┏━━

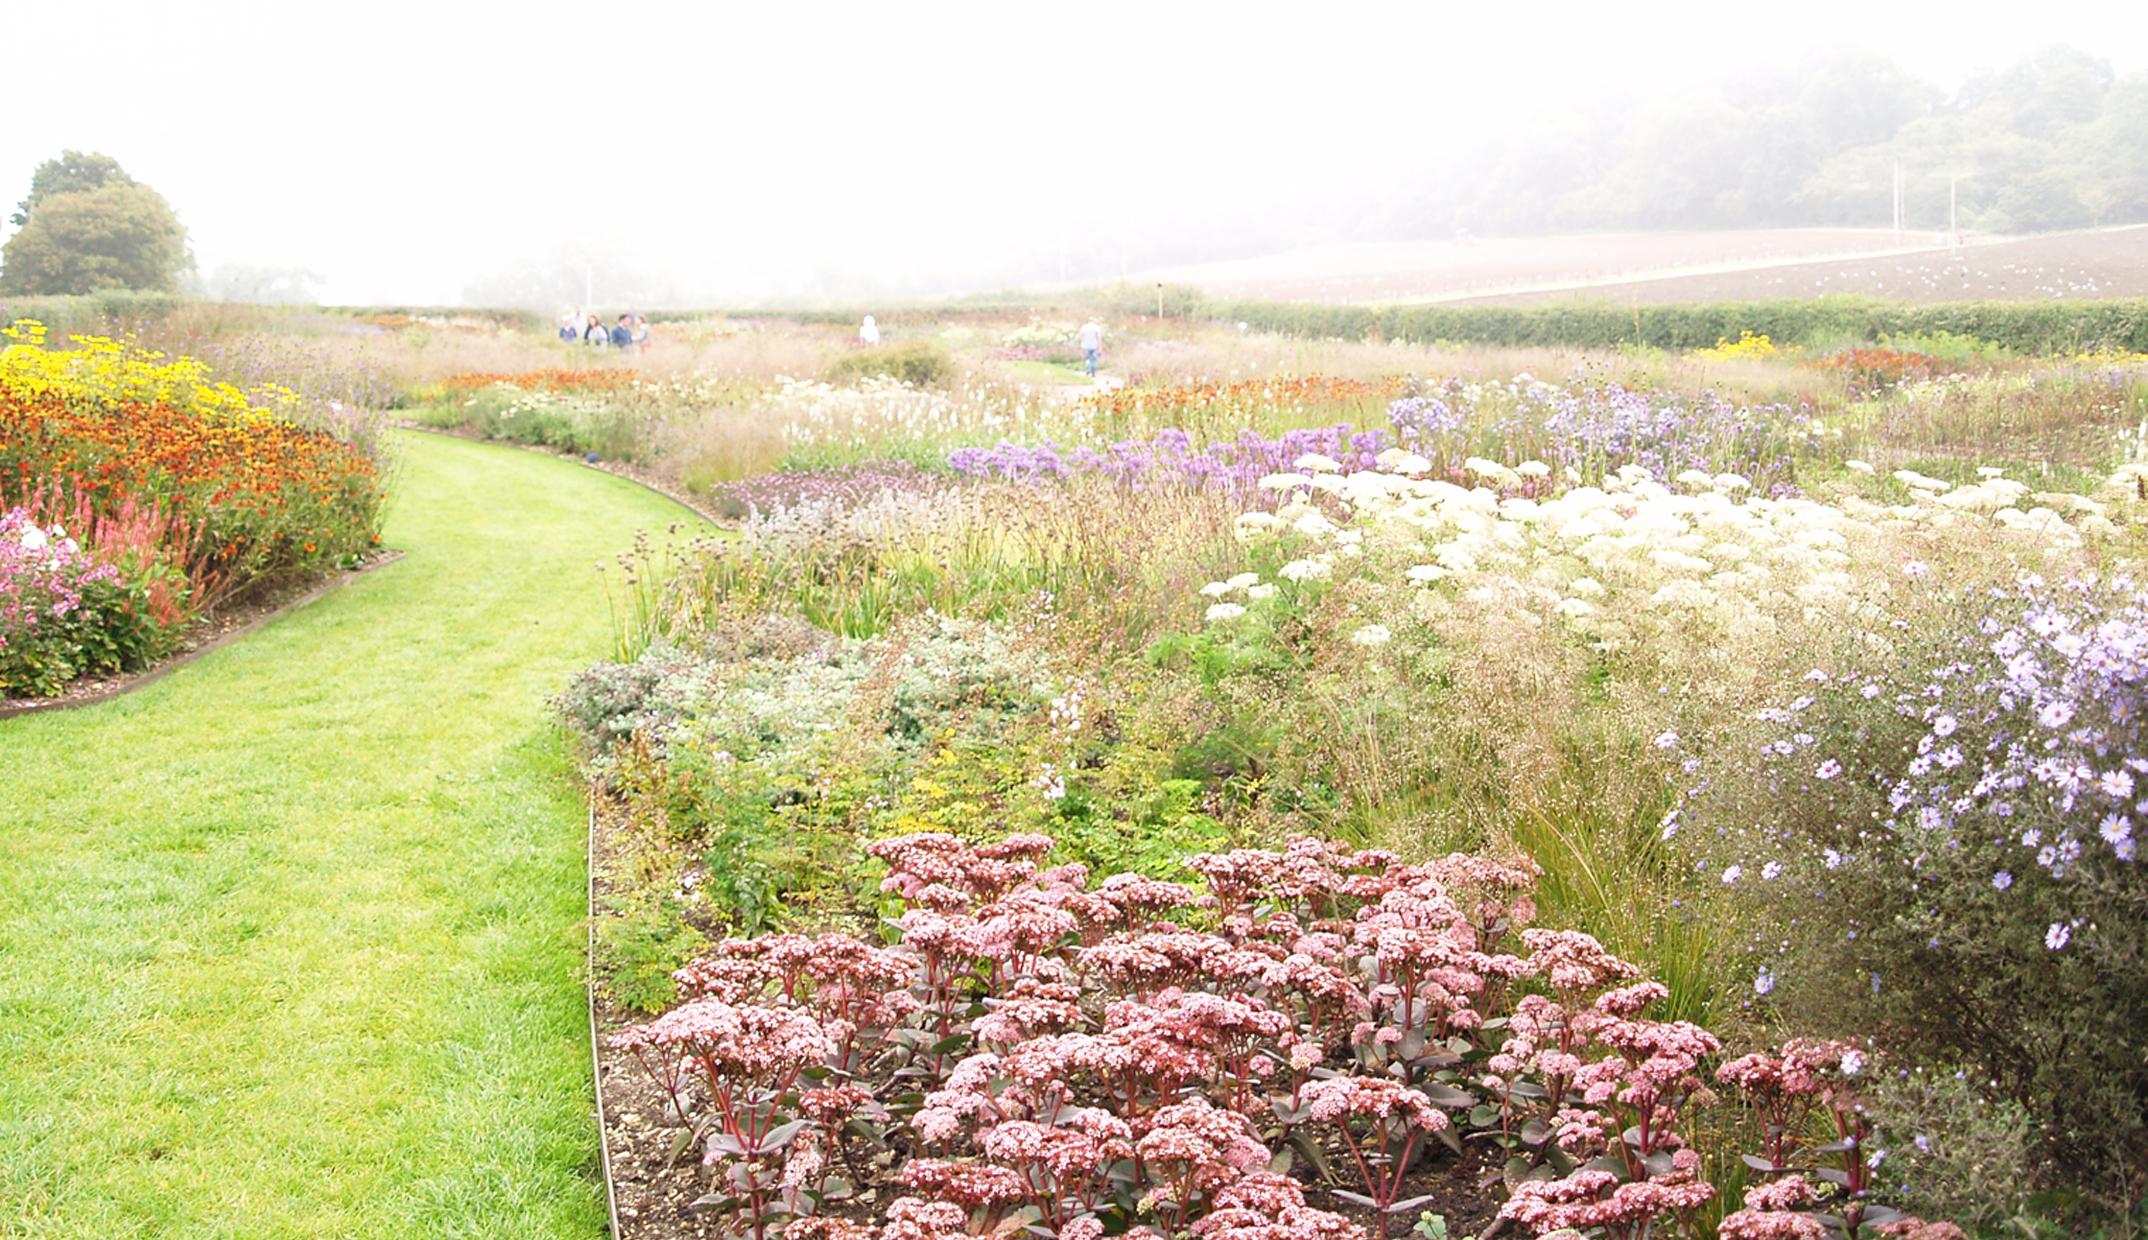 Places piet oudolf hauser wirth working plot for Piet oudolf serpentine gallery
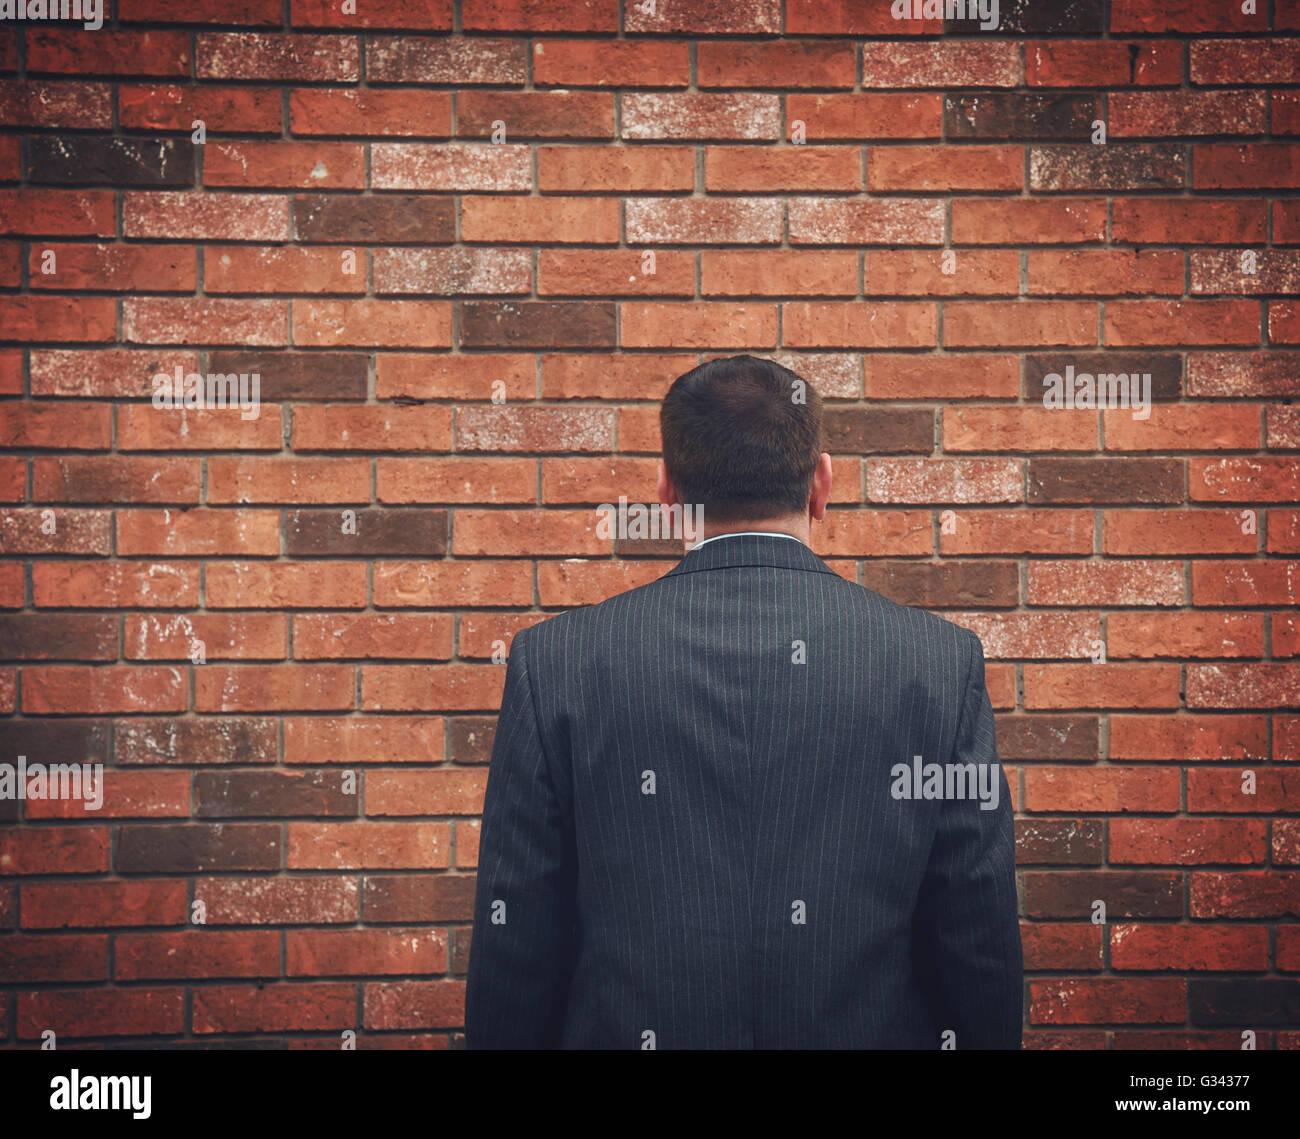 Un hombre de negocios ha de espaldas y mirando a una pared de ladrillo. Puede representar un obstáculo, tristeza Imagen De Stock
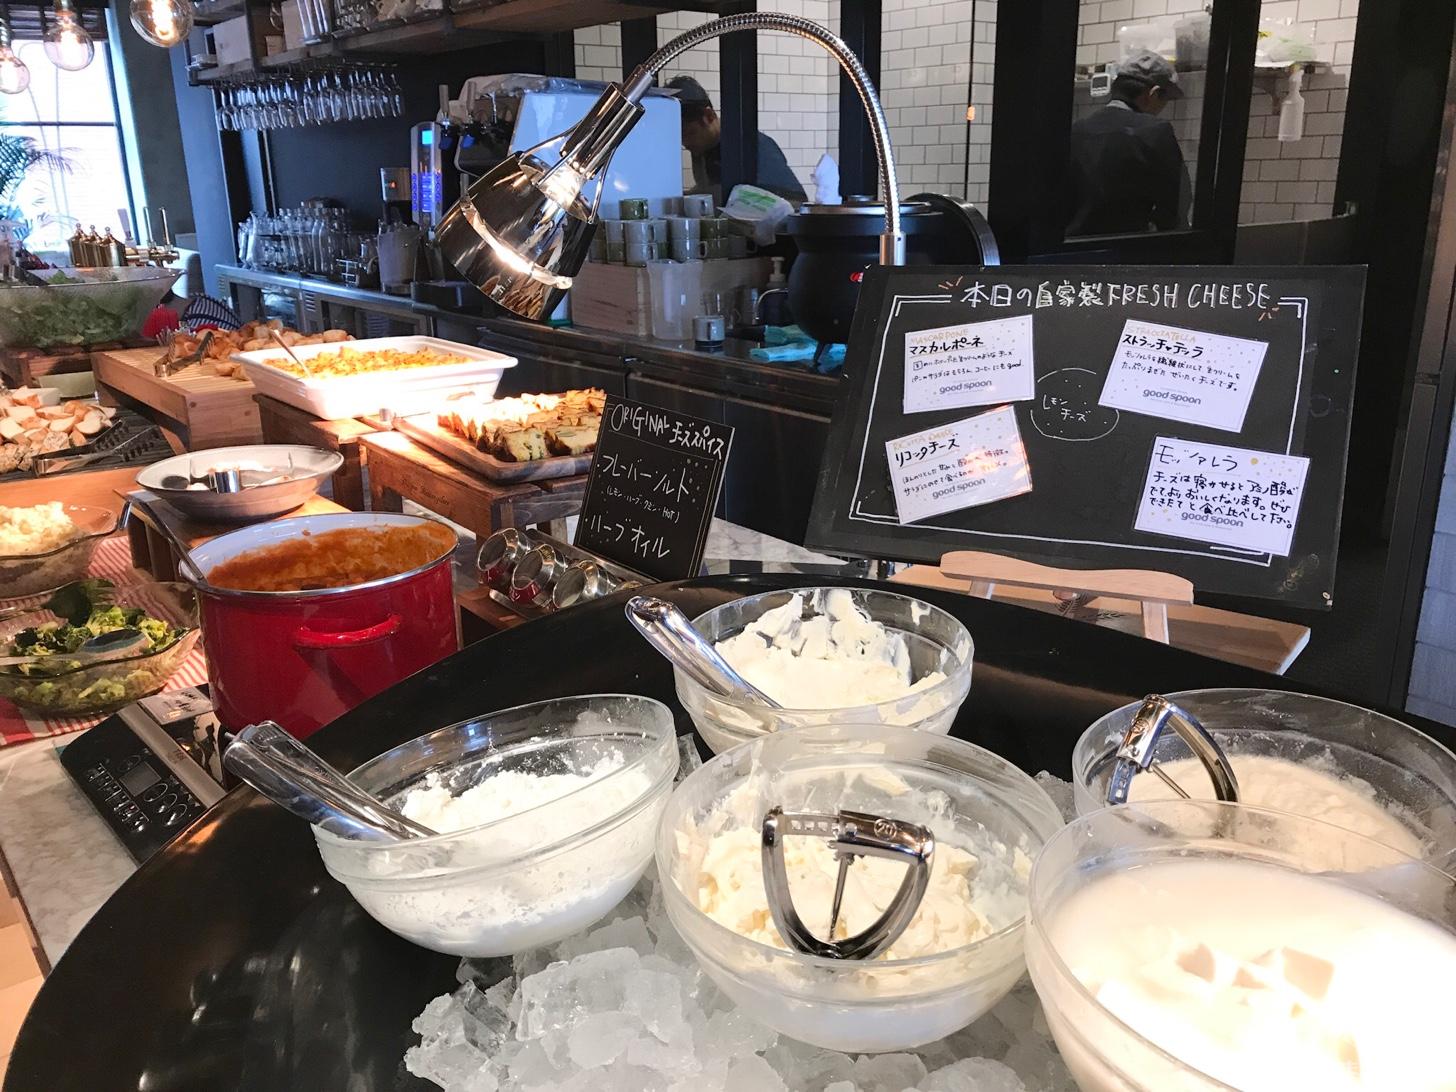 グッドスプーン 横浜 ランチを予約利用!出来立てモッツァレラチーズとチーズ5種食べ比べが期待以上

┗━━

Set the listing down verbatim, excluding pictures.

Result of the exercise
 Places piet oudolf hauser wirth working plot for Piet oudolf serpentine gallery
 Un hombre de negocios ha de espaldas y mirando a una pared de ladrillo. Puede representar un obstáculo, tristeza Imagen De Stock
 グッドスプーン 横浜 ランチを予約利用!出来立てモッツァレラチーズとチーズ5種食べ比べが期待以上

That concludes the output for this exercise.